Three generations of my family have served in the Air Force, and we accept the risks freely. I worry that my son will be sent into a fight for a half-stepping government that is only playing for a tie, not for a win. I pray that our leaders will quickly find the courage to admit that the time for persuading our enemies is long past. Actions speak louder than words.
In his Jan. 31 Opinion piece, Sen. Jon Kyl of Arizona criticizes the UN for responding weakly to threats from Islamic militants. But his Republican party hasn't tried much to pressure either Saudi Arabia or Pakistan, two main sources of Islamic terrorism. I find this stand very hypocritical. The threat of Islamic militancy is real, but the Republicans do not seem to know how to respond to it. It seems as if some of the biggest messes have been created under their leadership.
The Feb. 2 article, "A foiled plot in Britain may signal chilling tactic," suggests that more jihadi terrorists may try to use beheadings to gain media access. I think the media should stop giving airtime or print space to these heinous criminals.

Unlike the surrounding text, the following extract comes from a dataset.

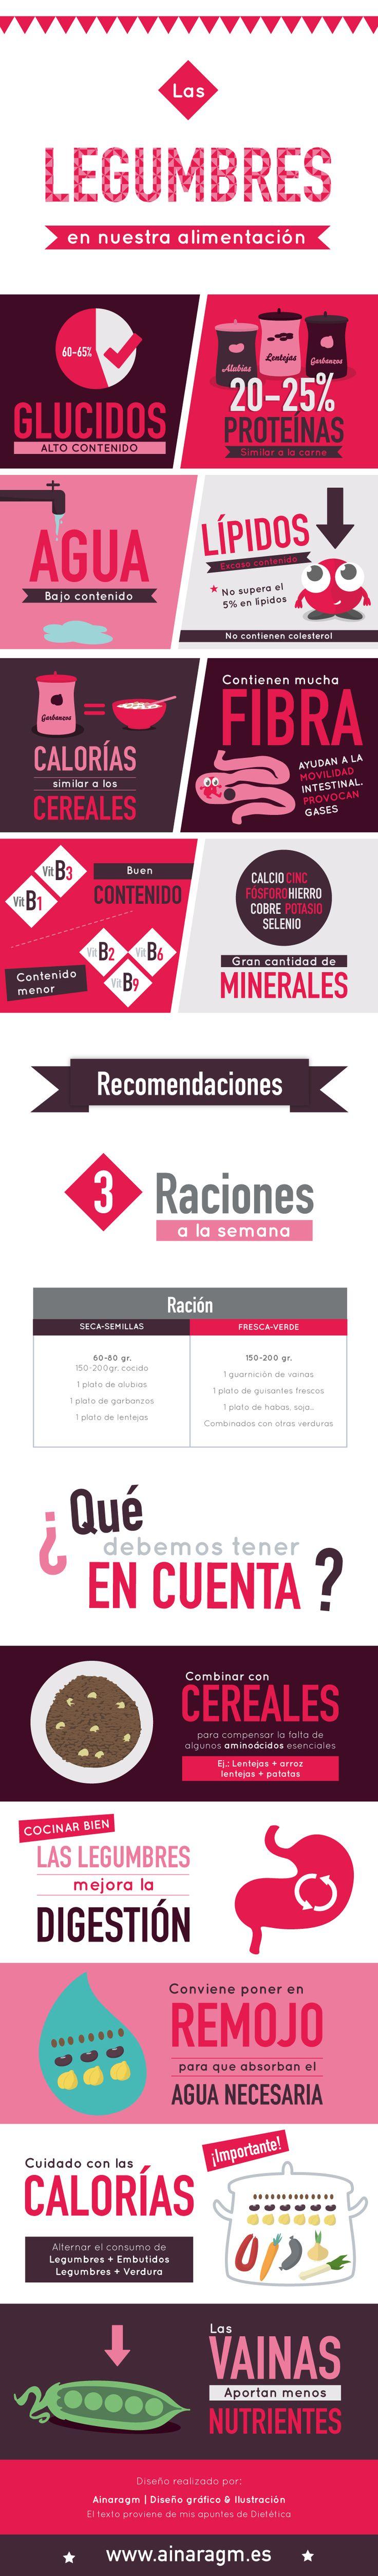 Infografía sobre las propiedades de las legumbres

Media organizations should refuse any attempt by terrorist groups to gain publicity, especially at the expense of innocent persons.
Pacific Grove, Calif.
The article, "Why volunteerism has reached historic high in US," from Jan. 30, credits "older teens, baby boomers, and seniors" with driving volunteerism in the US. This seems like a nice way of saying "everybody but Generation X," my generation.
I believe that Gen-Xers are at least as active in serving communities as the other groups, but their activities tend to remain off the official radar.
For example, public-service start-ups tend to have a high attrition rate. Few survive long enough to get much attention, but nearly every one represents cherished hopes and dreams, and mountains of unsung effort. The people who are often responsible for such start-ups – those in their upper-20s to early-40s – are the ones who weren't mentioned in the article.
In contrast, seniors and boomers may tend to be involved in programs sponsored by government or churches, or in independent groups that have survived long enough to become established and formally recognized. Teens tend to volunteer through schools or because of recommendations from older relatives, often boomers or seniors.